Distinctive features:Moderately involute and laterally compressed ammonite, with fairly straight, occasionally branched ribs. There is a clear groove running along the ventral part of the shell.
Ecology:Garantiana is one of those ammonite genera for which sexual dimorphism has been suspected. Whereas Garantiana are supposed to have been the macroconchs, a different genus of ammonites, Pseudogarantiana, are thought to have been the microconchs. Certainly, the two genera are frequently found together, and while Garantiana are fairly conventional in appearance, Pseudogarantiana are smaller and sport lappets on either side of the aperture when fully grown. The usual interpretation is that the microconchs were the males, and that the lappets served no real practical purpose beyond displaying the maturity and fitness of the animal that bore them.

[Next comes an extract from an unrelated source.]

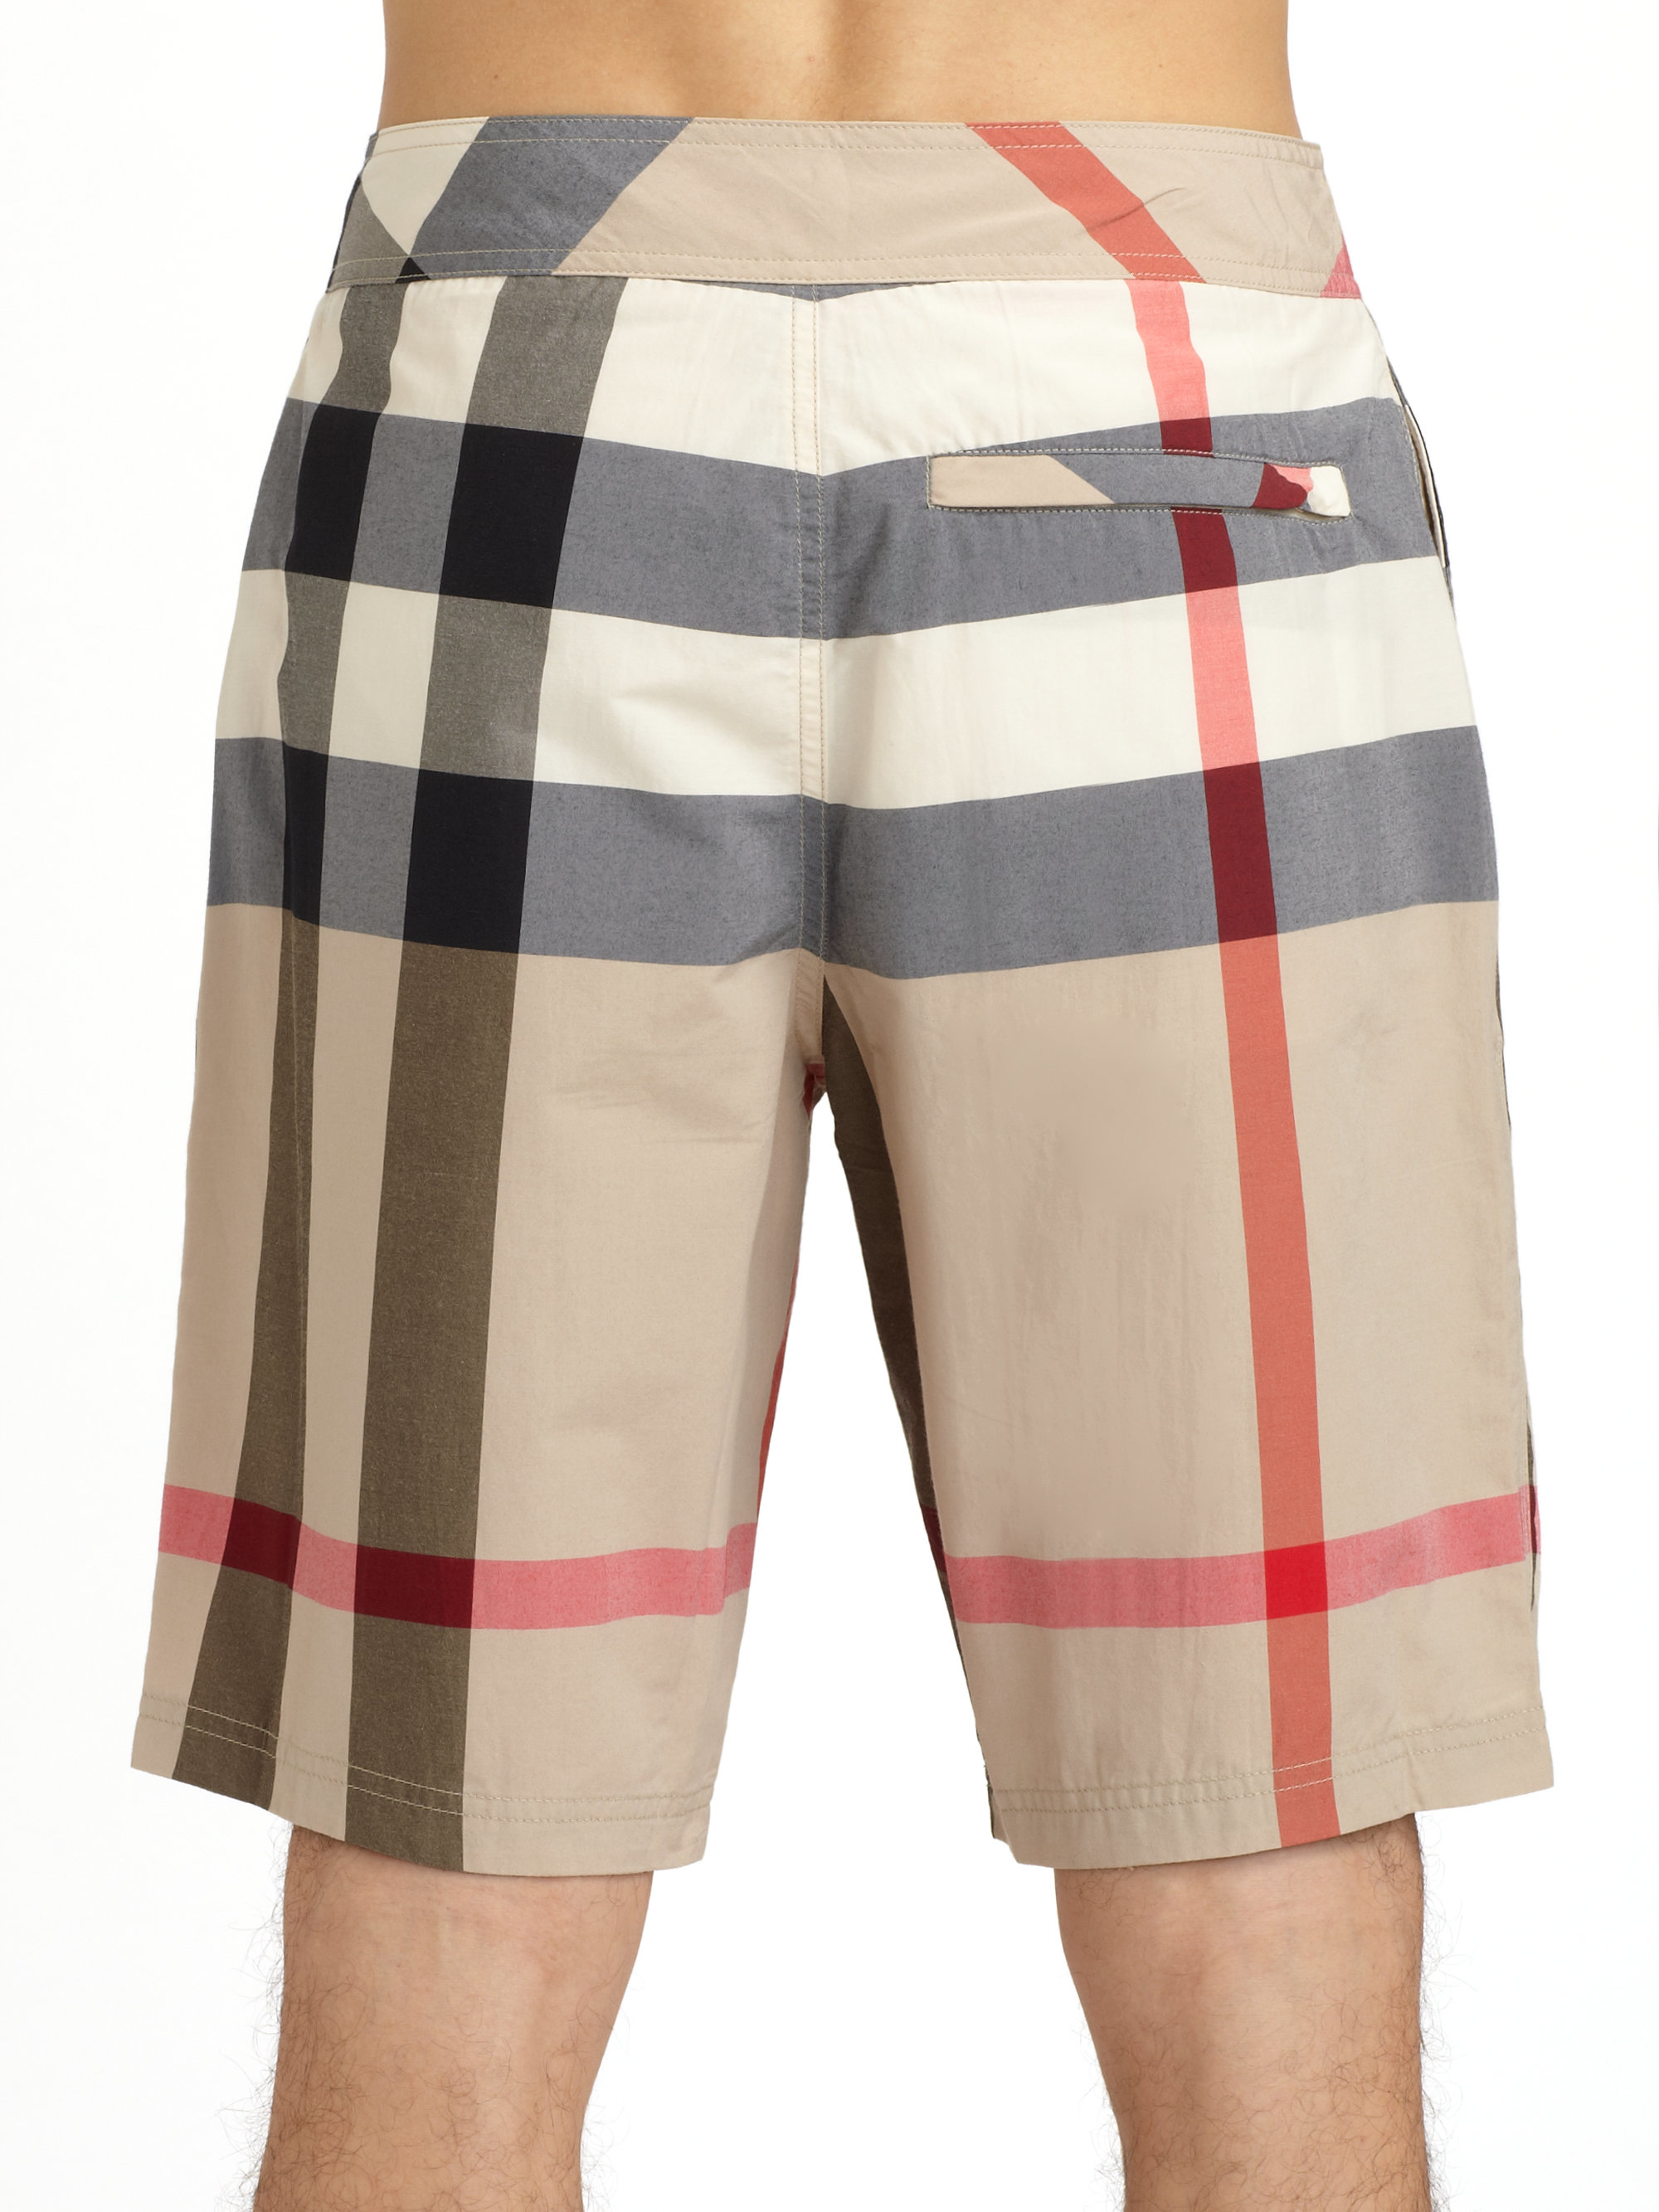 Burberry Check Swim Shorts Outlet, SAVE 53%.

Notes:Garantiana species are used for biostratigraphy across Europe and into the Caucasus region. This is reflected in the name of the Garantiana oil field some 100km off the west coast of Norway.
Cleoniceras sp.
Name:Cleoniceras sp
Distinctive features:Involute, moderately compressed ammonite, with gently curved ribs and weak tubercles close to the umbilicus.
Ecology:Ammonite ecology is notoriously difficult to determine, but one line of evidence is the ratio of certain isotopes in shell material. The idea here is that temperature affects the ratio of, for example, the two isotopes of carbon or the two isotopes of strontium. By sampling ammonite shell material, where preserved, geologists can determine the ambient temperature at the time the shell was formed, which provides information on seasons and water depth. In the case of Cleoniceras, one study indicated ambient water temperatures around 18˚C, suggesting it didn’t live in the warm surface waters of its tropical habitat, but a bit deeper down the water column, around 100m or so.
Notes:Cleoniceras belong to an important family of ammonites known as the Hoplitidae. These were common during the middle part of the Cretaceous (specifically, the Aptian, Albian and Cenomanian stages) and individual species were often geographically widespread but relatively short lived in geological terms, making them extremely useful for biostratigraphy.